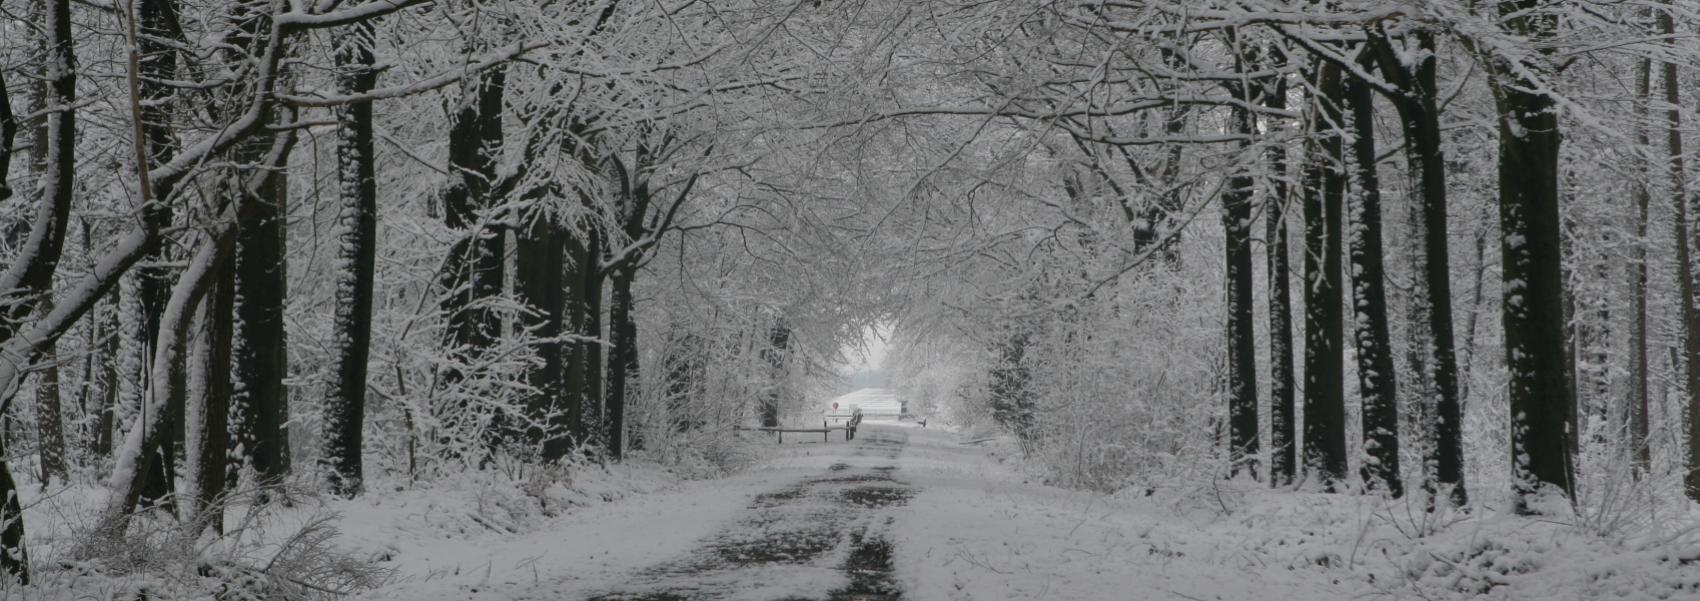 de hoofddreef in een winters kleedje gestopt
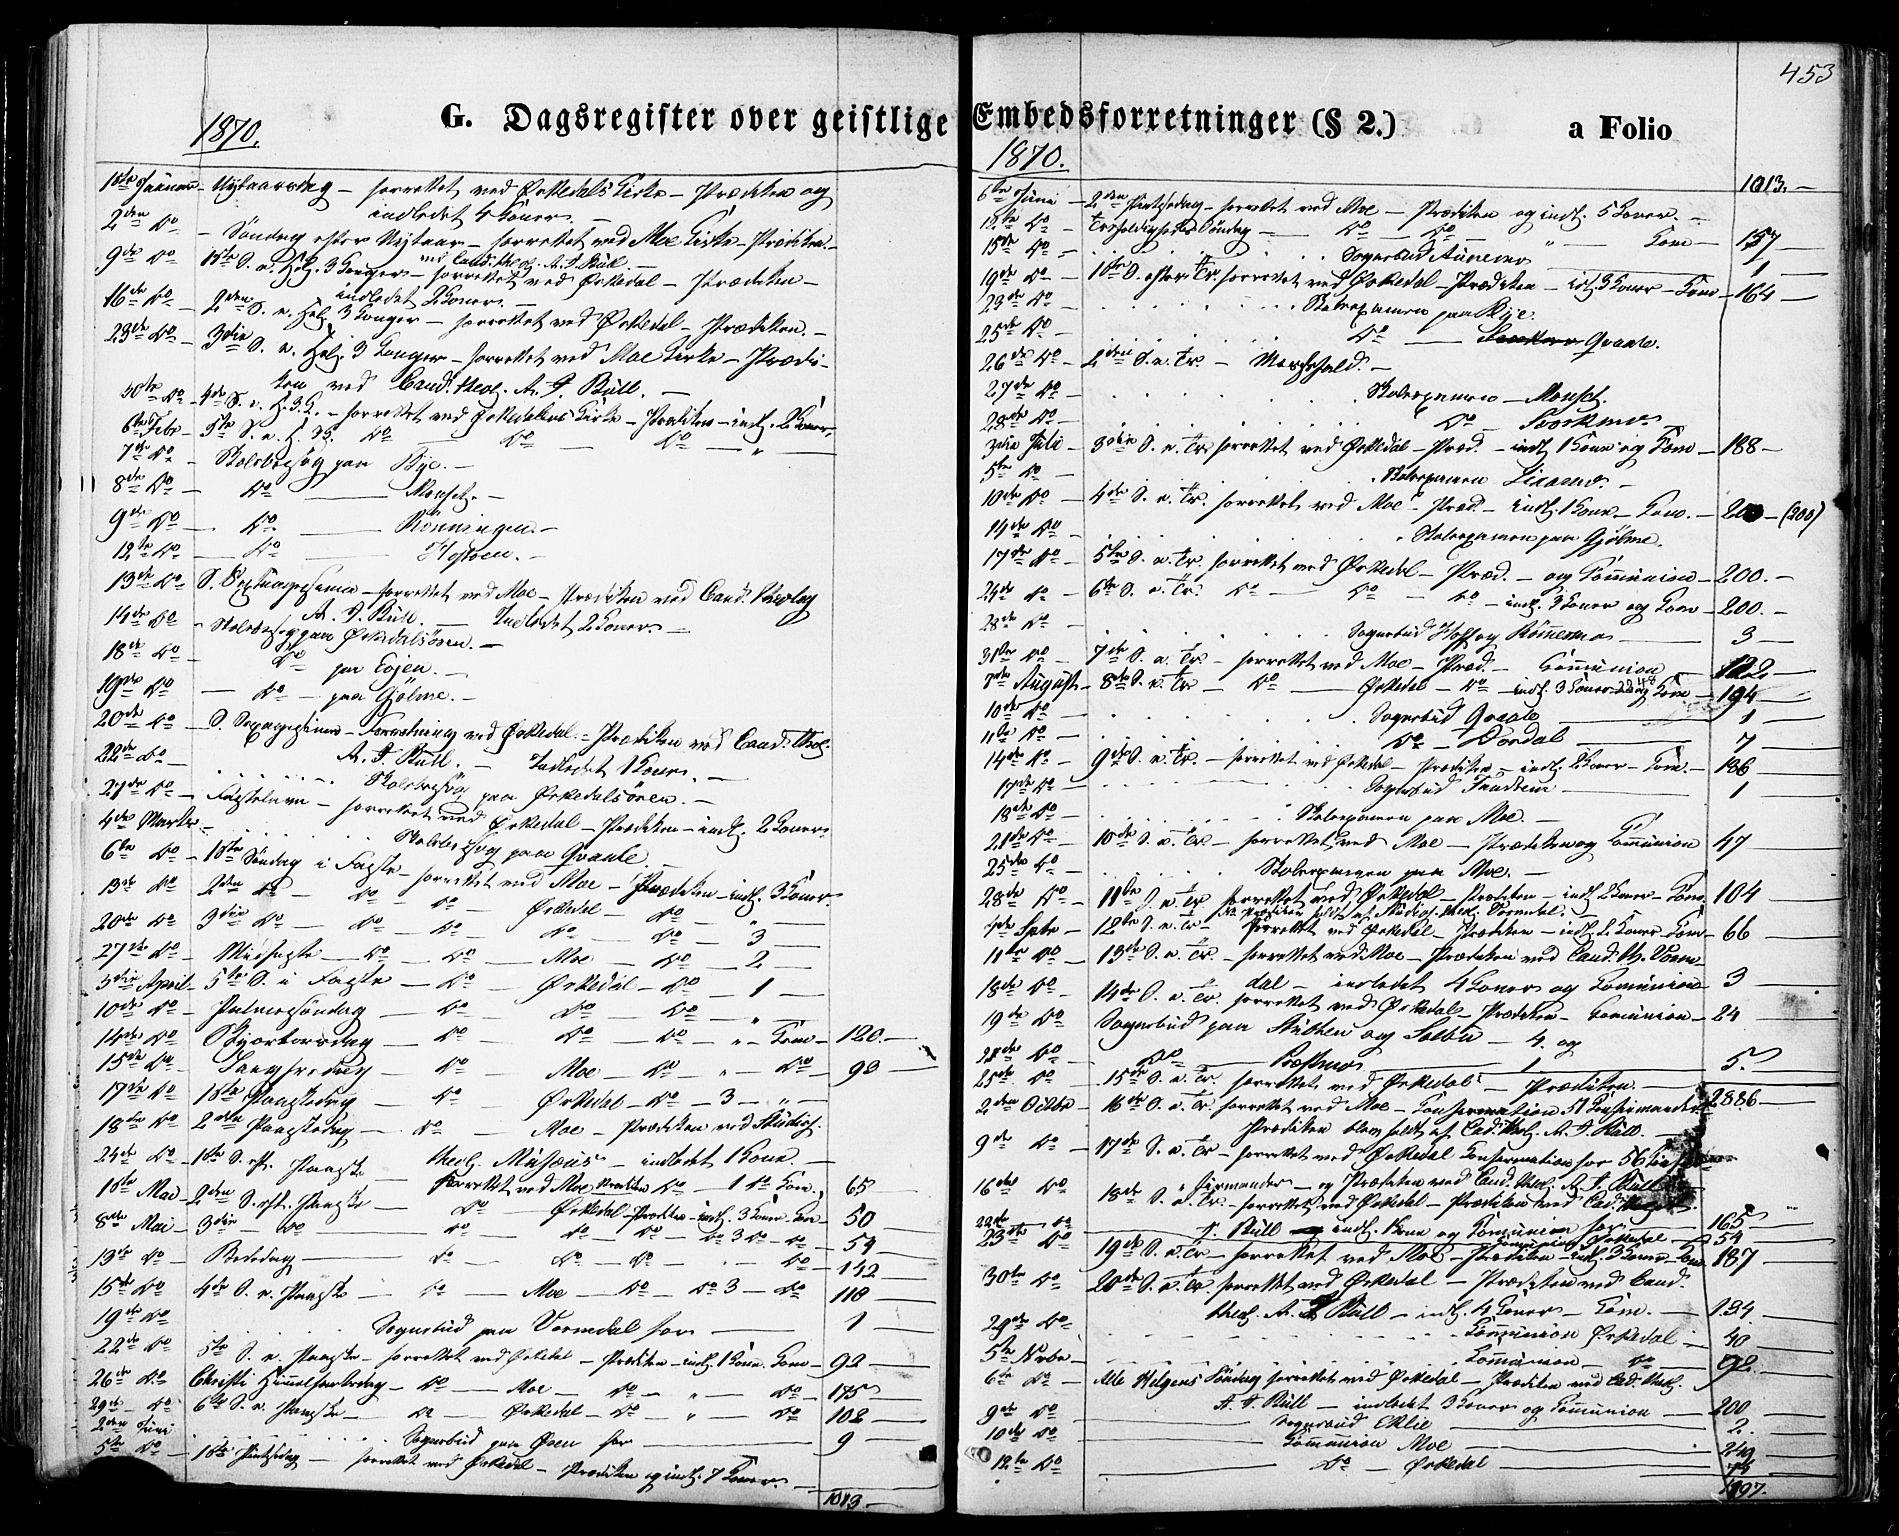 SAT, Ministerialprotokoller, klokkerbøker og fødselsregistre - Sør-Trøndelag, 668/L0807: Ministerialbok nr. 668A07, 1870-1880, s. 453
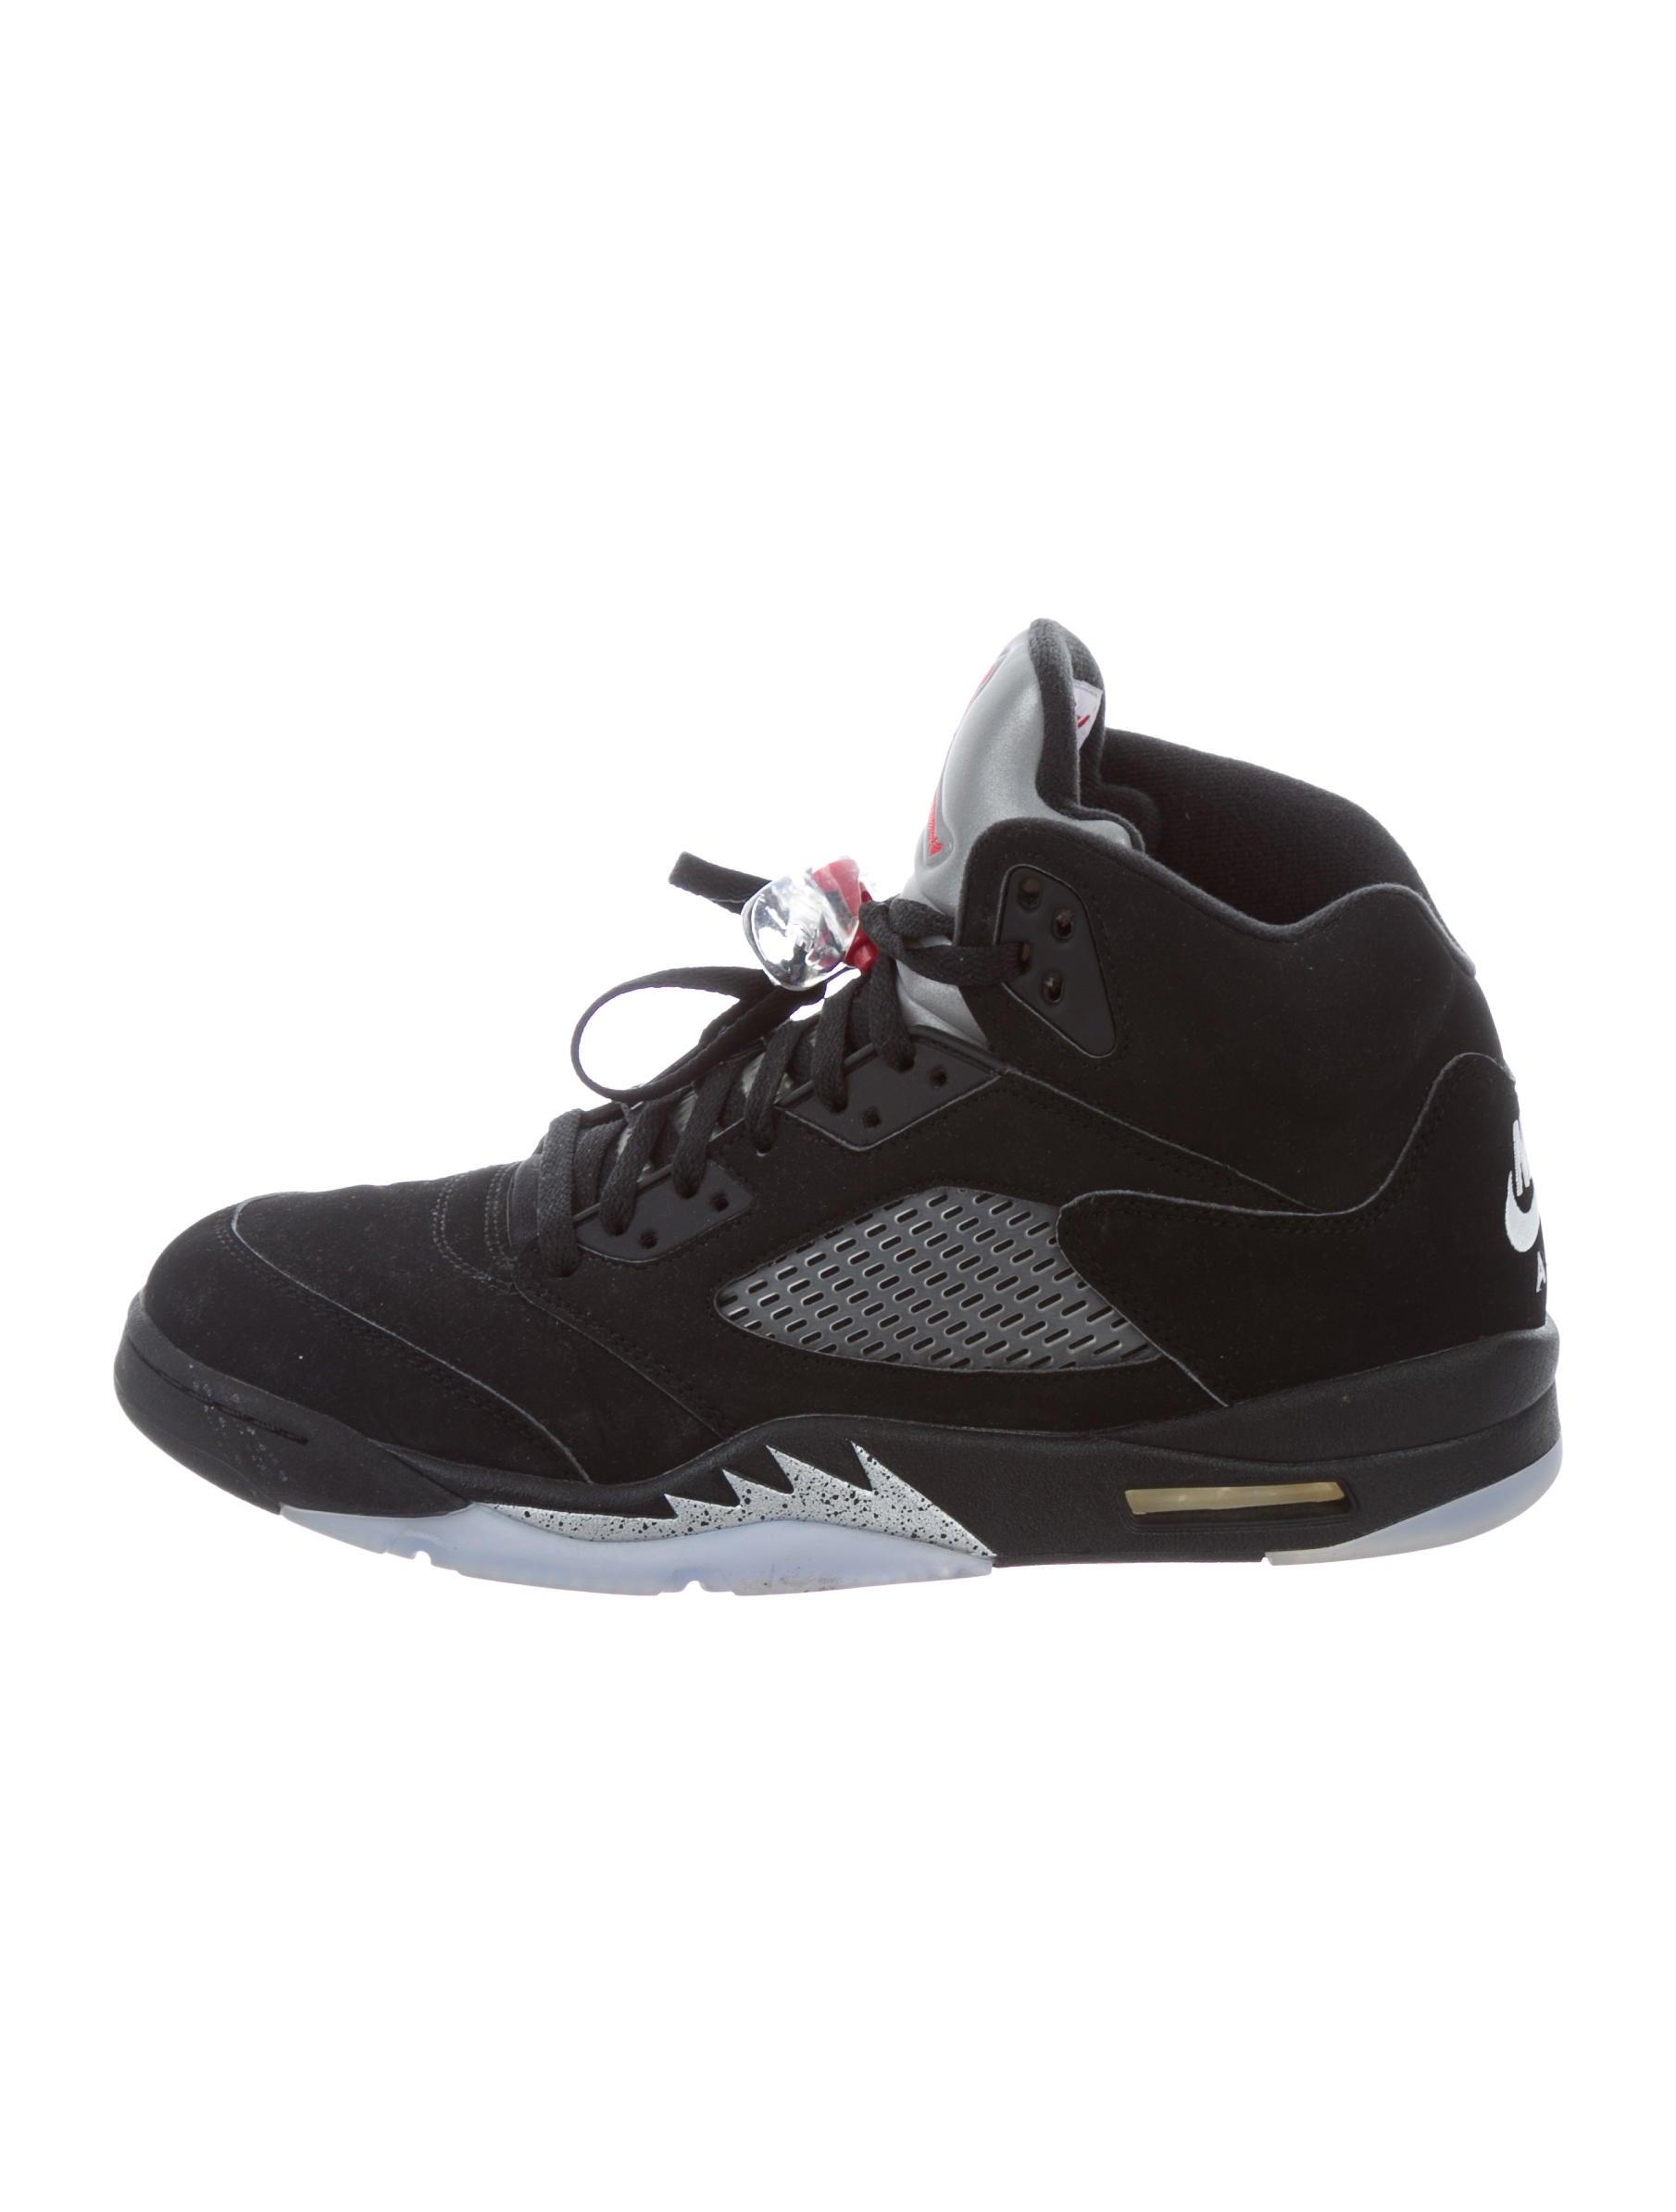 Nike Air Jordan 5 Retro Og Sneakers Shoes Wu221371
^^^^^^^^
WHAT TO PRODUCE: Line by line, write out the material above exactly, with no images.

RESULT OF THIS TASK:
 de hoofddreef in een winters kleedje gestopt
 SAT, Ministerialprotokoller, klokkerbøker og fødselsregistre - Sør-Trøndelag, 668/L0807: Ministerialbok nr. 668A07, 1870-1880, s. 453
 Nike Air Jordan 5 Retro Og Sneakers Shoes Wu221371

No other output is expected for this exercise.